Лично мне в грязь не охота. Я думаю, что такого же мнения придерживаются и остальные. Разбирайся со своими друзьями сам.
Эдик глянул на Комаровского, сказал, криво усмехнувшись:
– Убери свою дуру. Мне под дулом говорить тяжело.
– Что поделаешь! Потерпи, дорогой! – захихикал Комаровский. – Вы, сэр, извините, но доверия у меня не вызываете!
– Ладно. Проиграл, – сказал Эдик и взглянул на Нину. – А ты молодец. Не ожидал. Добро. Значит, разошлись, как в море корабли, и больше не пересечемся, так?
– Так, – с трудом ответила Нина.
Эдик медленно поднялся, кончиками пальчиков коснулся своего пистолета и вопросительно взглянул на мужчин.
– Бери, бери свою пушку, – засмеялся Комаровский. – Ты ж без нее половина человека, а нам она ни к чему.
Так же пальчиками, очень медленно, Эдик засунул оружие за пояс, запахнул куртку, натянул на голову кепку, неожиданно улыбнулся дружески и спросил:
– Ну, а на посошок-то можно выпить?
– А как же иначе? – спокойно ответил Воробьев. – Налей ему, Нинок, на прощанье.
Нина взялась за бутылку и пока наливала коньяк в стакан, чувствовала, как дрожат у нее руки.

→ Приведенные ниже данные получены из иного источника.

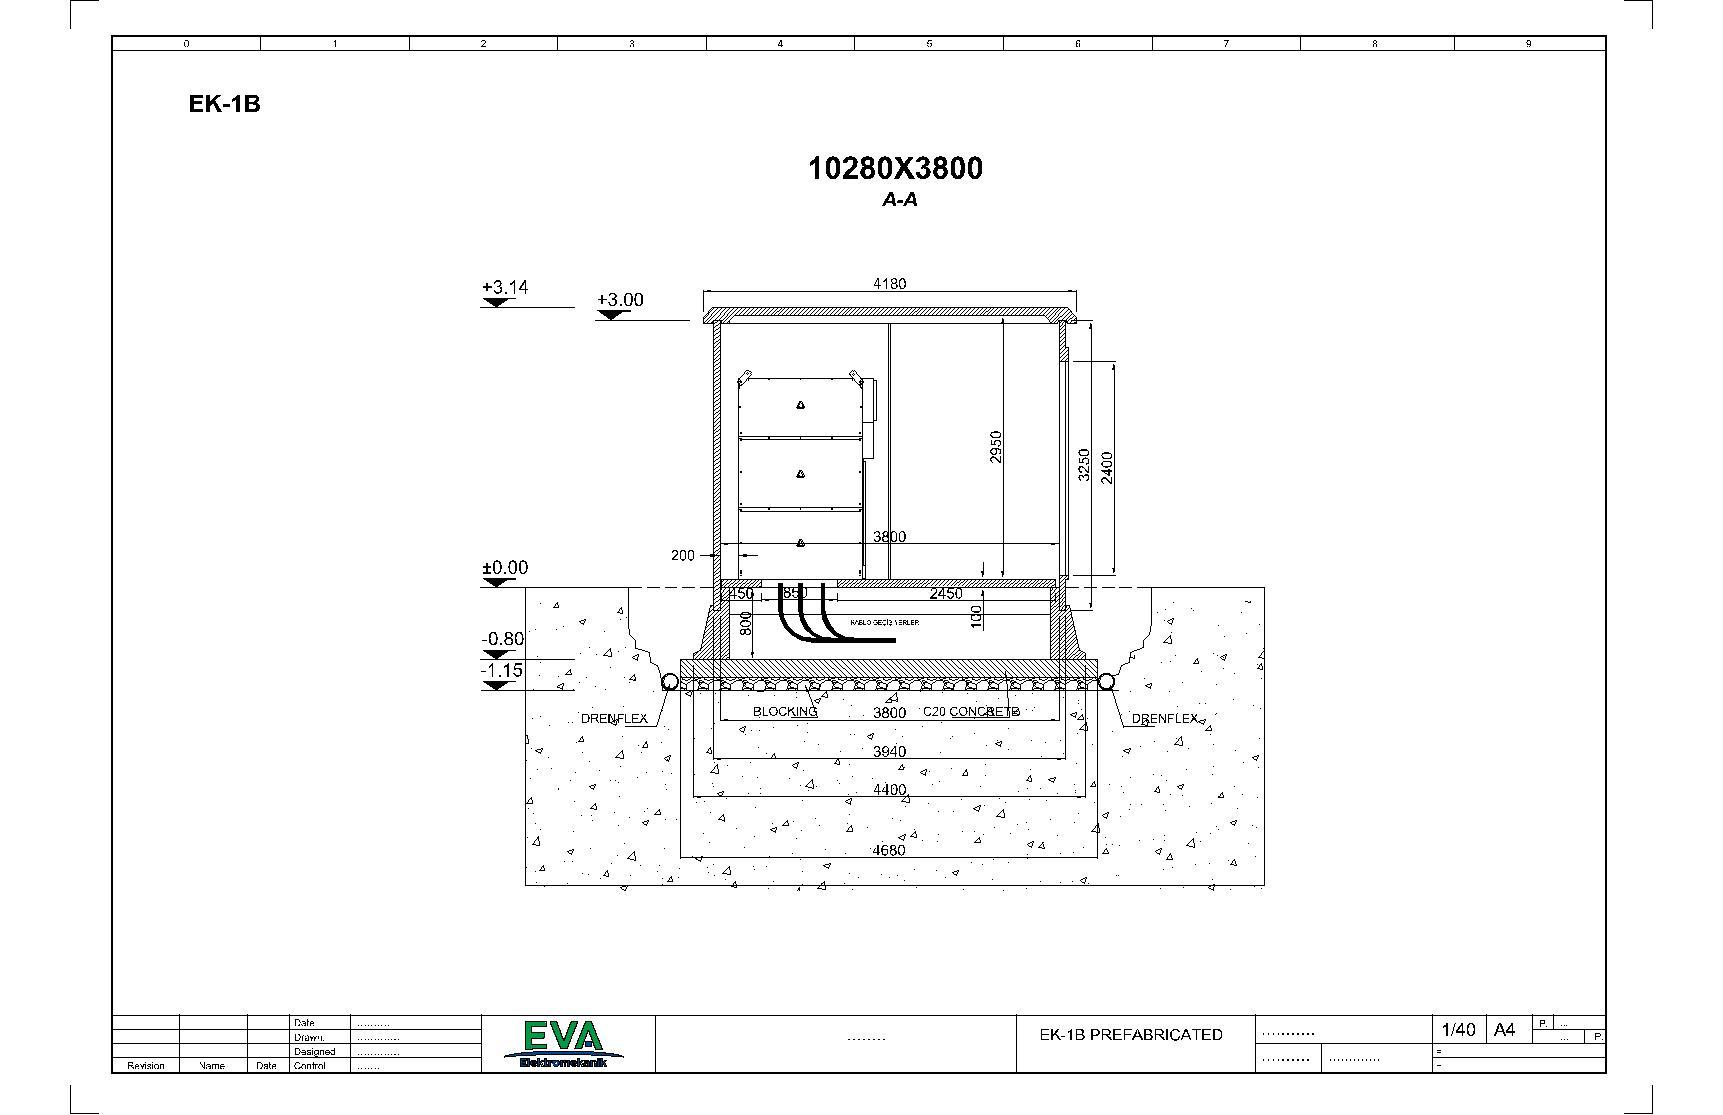 محطة توزيع مسبقة الصنع (3140) (3800) (10280) مم ملحق1 – ب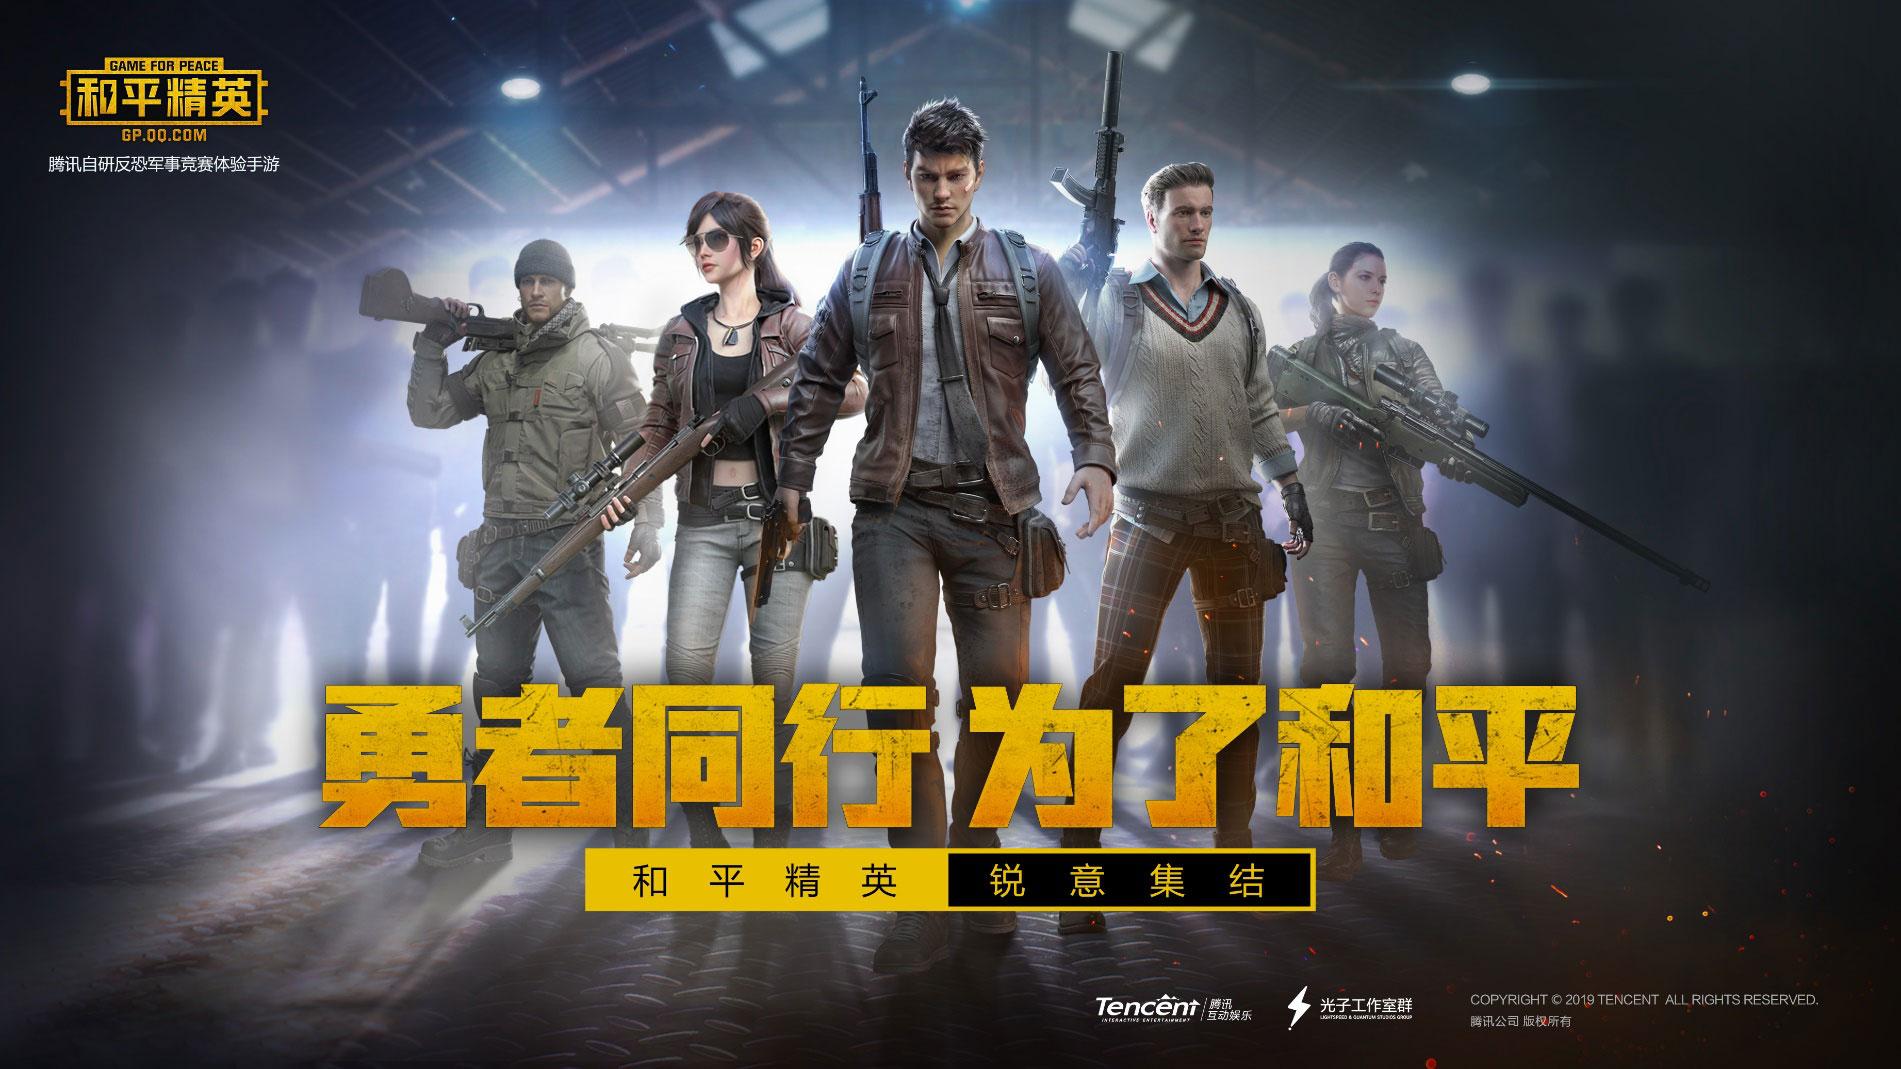 游戏资讯_《刺激战场》测试服关闭 《和平精英》接棒_凤凰网游戏

Эдик взял стакан, обвел всех уже спокойным и сосредоточенным взглядом и сказал:
– Жалко, что мы в разных сферах жизни. Жалко. Будем все здоровеньки. Выпью за то, чтоб к общему благу мы больше не встречались.
– Разумно, – сказал Воробьев.
Эдик поставил пустой стакан на стол, кивнул и вышел в прихожую. Нина открыла ему двери. Он что-то хотел сказать на прощанье, но слов не нашел, кивнул еще раз, и Нина закрыла за ним дверь.
– Вот и все! – весело засмеялся Комаровский, швырнув ружье на диван. – А ты дурочка боялась.
– Выстрелил бы? – содрогнувшись, спросила Нина.
– А то как же! Обязательно! Если б патроны были.
Нина понимала, что ее успокоения ради Комаровский скорее всего врет, что патронов у него не было. Но выяснять этого вопроса не стала.
Оба они снова уселись к столу и, как ни в чем не бывало, принялись обсуждать производственные проблемы, в основном о том, как и где Воробьев будет снимать очередной фильм, который должен прославить его во веки веков.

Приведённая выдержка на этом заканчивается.